Defining a Molecular Kernel#

The first step is to define a Gaussian process model with a kernel that operates on molecular fingerprints (e.g. ECFP6). For this we use the Tanimoto kernel defined as:

\begin{equation} k_{\text{Tanimoto}}(\mathbf{x}, \mathbf{x}') = \sigma^2_{f}\frac{<\mathbf{x}, \mathbf{x}'>}{||\mathbf{x}||^2 + ||\mathbf{x}'||^2 \: - <\mathbf{x}, \mathbf{x}'>}, \end{equation}

where \(\mathbf{x} \in \mathbb{R}^D\) is a D-dimensional binary fingerprint vector i.e. components \(\mathbf{x}_i \in \{0, 1\}\), \(<\cdot, \cdot>\) is the Euclidean inner product, \(||\cdot||\) is the Euclidean norm and \(\sigma_{f}\) is a scalar kernel signal amplitude (vertical lengthscale) hyperparameter.
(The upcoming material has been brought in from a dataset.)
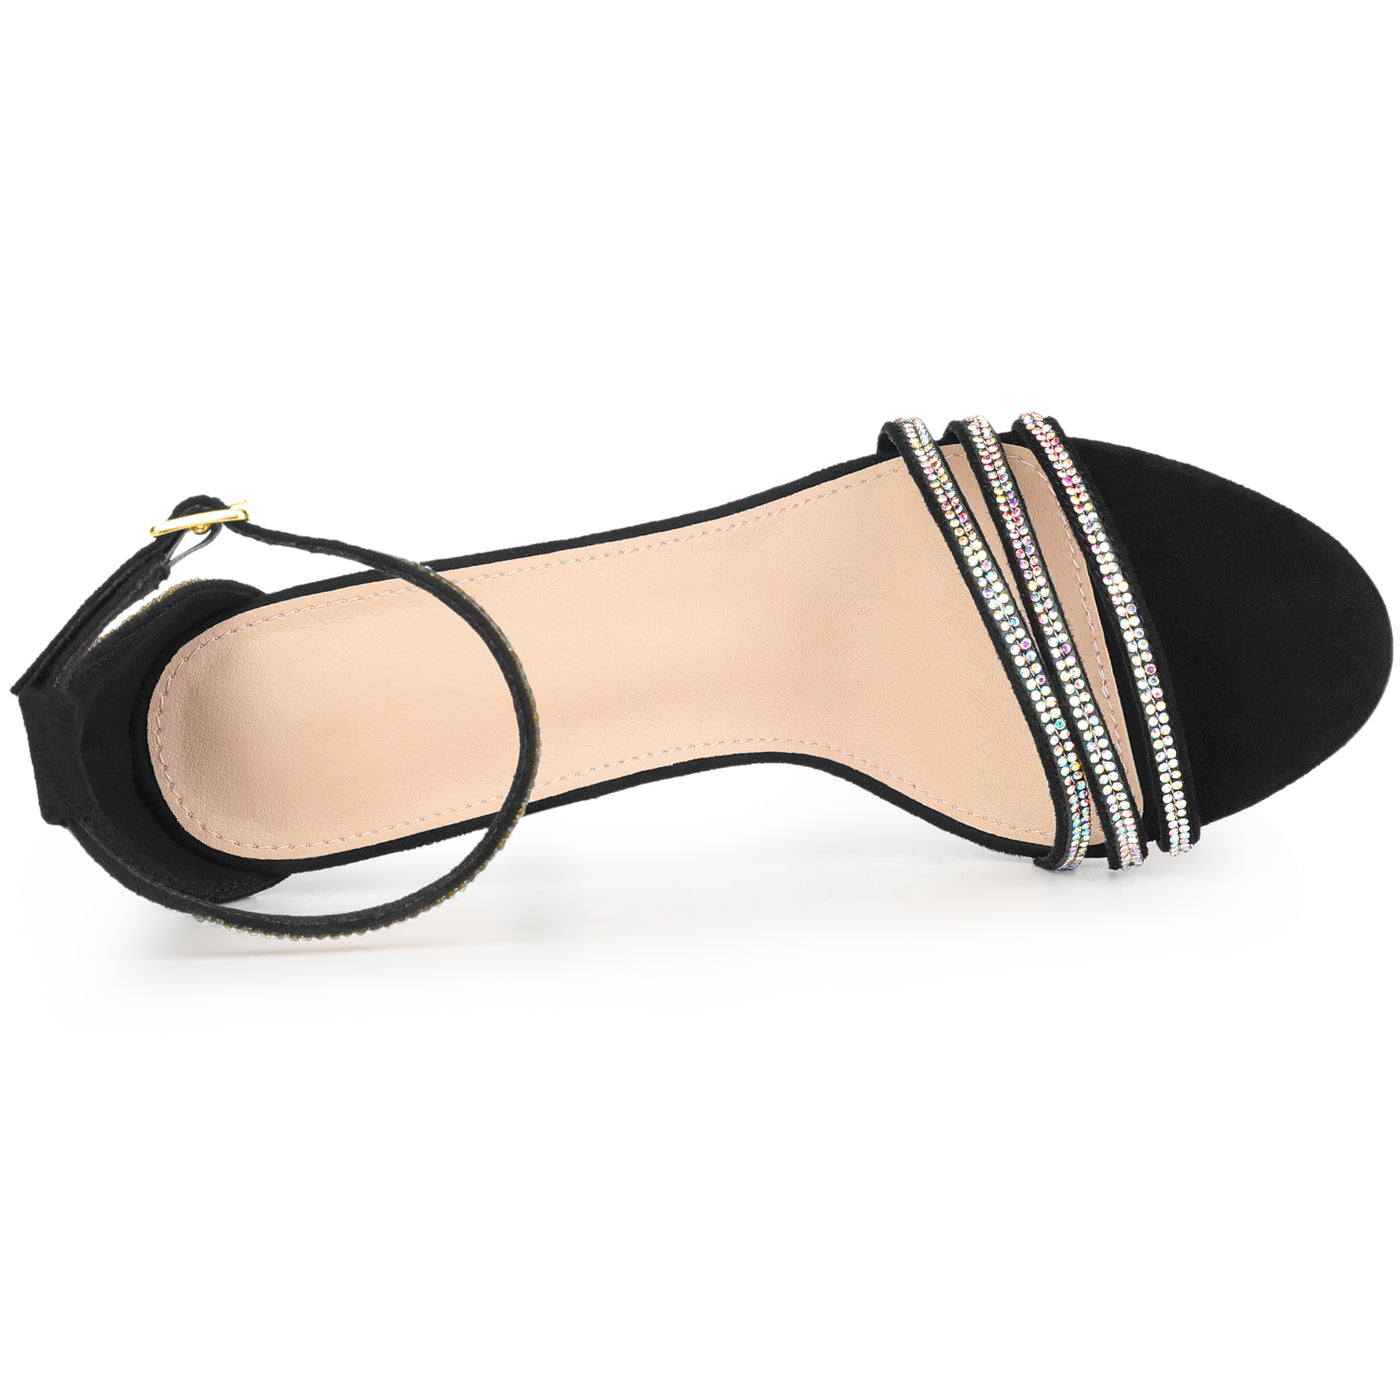 Allegra K Women's Round Toe Rhinestone Ankle Strap Stiletto Heels Sandals

One of the first instances of the Tanimoto kernel being used in conjunction with GP regression was in [1]. While common GP kernels that operate on continuous spaces can be applied to molecules, there is evidence to suggest that using an appropriate similarity metric for bit vectors yields improved performance [2].

[2]:
# We define our GP model using the Tanimoto kernel

from gauche.kernels.fingerprint_kernels.tanimoto_kernel import TanimotoKernel
from gpytorch.kernels import RQKernel

class ExactGPModel(gpytorch.models.ExactGP):
    def __init__(self, train_x, train_y, likelihood):
        super(ExactGPModel, self).__init__(train_x, train_y, likelihood)
        self.mean_module = gpytorch.means.ConstantMean()
        # We use the Tanimoto kernel to work with molecular fingerprint representations
        self.covar_module = gpytorch.kernels.ScaleKernel(TanimotoKernel())

    def forward(self, x):
        mean_x = self.mean_module(x)
        covar_x = self.covar_module(x)
        return gpytorch.distributions.MultivariateNormal(mean_x, covar_x)
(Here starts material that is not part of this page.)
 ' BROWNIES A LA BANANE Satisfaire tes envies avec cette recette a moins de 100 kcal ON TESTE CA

# For the continuous Mordred descriptors we use a GP with rational quadratic kernel

class ExactMordredGPModel(gpytorch.models.ExactGP):
    def __init__(self, train_x, train_y, likelihood):
        super(ExactMordredGPModel, self).__init__(train_x, train_y, likelihood)
        self.mean_module = gpytorch.means.ConstantMean()
        # We use the RQ kernel to work with Mordred descriptors
        self.covar_module = gpytorch.kernels.ScaleKernel(RQKernel())

    def forward(self, x):
        mean_x = self.mean_module(x)
        covar_x = self.covar_module(x)
        return gpytorch.distributions.MultivariateNormal(mean_x, covar_x)
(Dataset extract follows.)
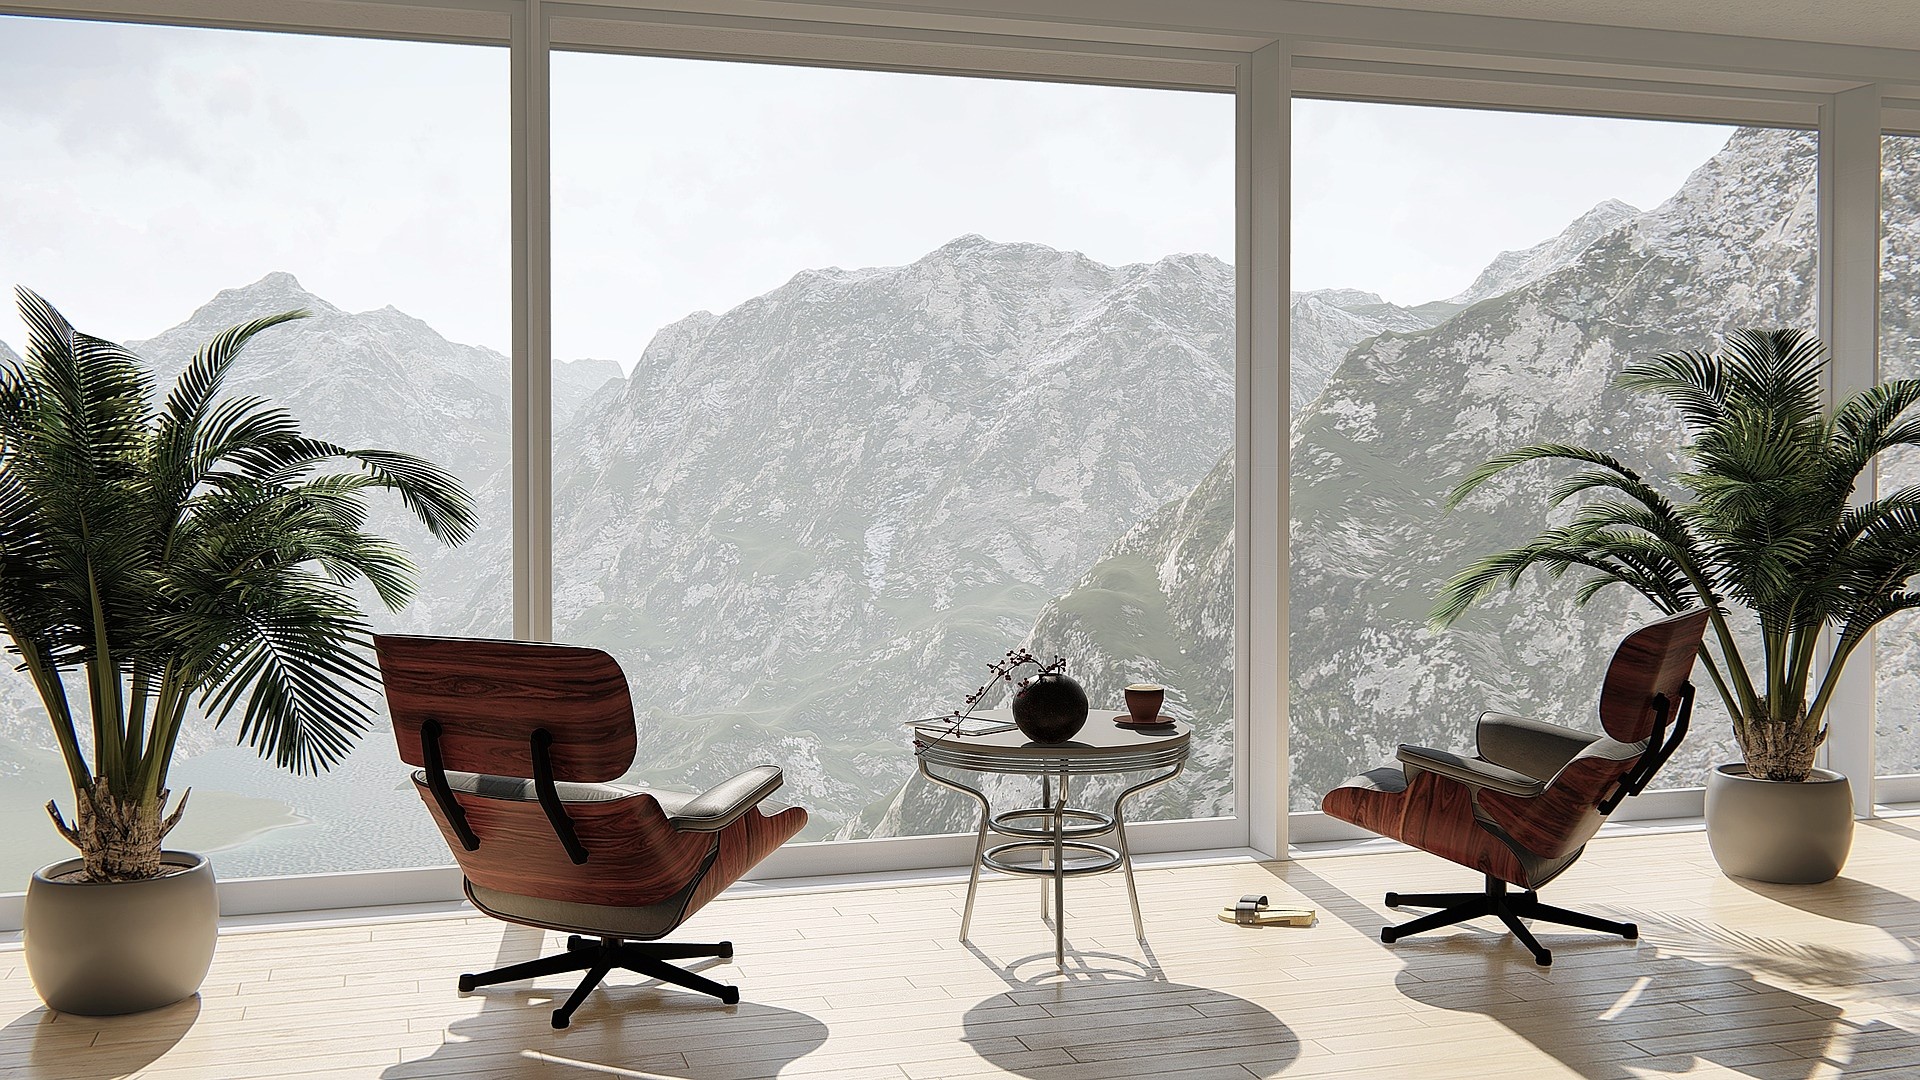 Read more about the article Fenster Vergleich: Welches Fenster ist das Beste?

GP Regression on the Photoswitch Dataset#

We define our experiment parameters. In this case we are reproducing the results of the E isomer transition wavelength prediction task from https://arxiv.org/abs/2008.03226 using 20 random splits in the ratio 80/20. Note that a validation set is not necessary for GP regression since the Tanimoto kernel GP has just one trainable hyperparameter, the kernel signal amplitude! (or two if the likelihood noise is considered!).

[3]:
# Regression experiments parameters, number of random splits and split size

n_trials = 20
test_set_size = 0.2

Load the Photoswitch Dataset via the DataLoaderMP class which contains several molecular property prediction benchmark datasets!

[4]:
# Load the Photoswitch dataset

loader = MolPropLoader()
loader.load_benchmark("Photoswitch")

# Featurise the molecules.

# We use the fragprints representations (a concatenation of Morgan fingerprints and RDKit fragment features)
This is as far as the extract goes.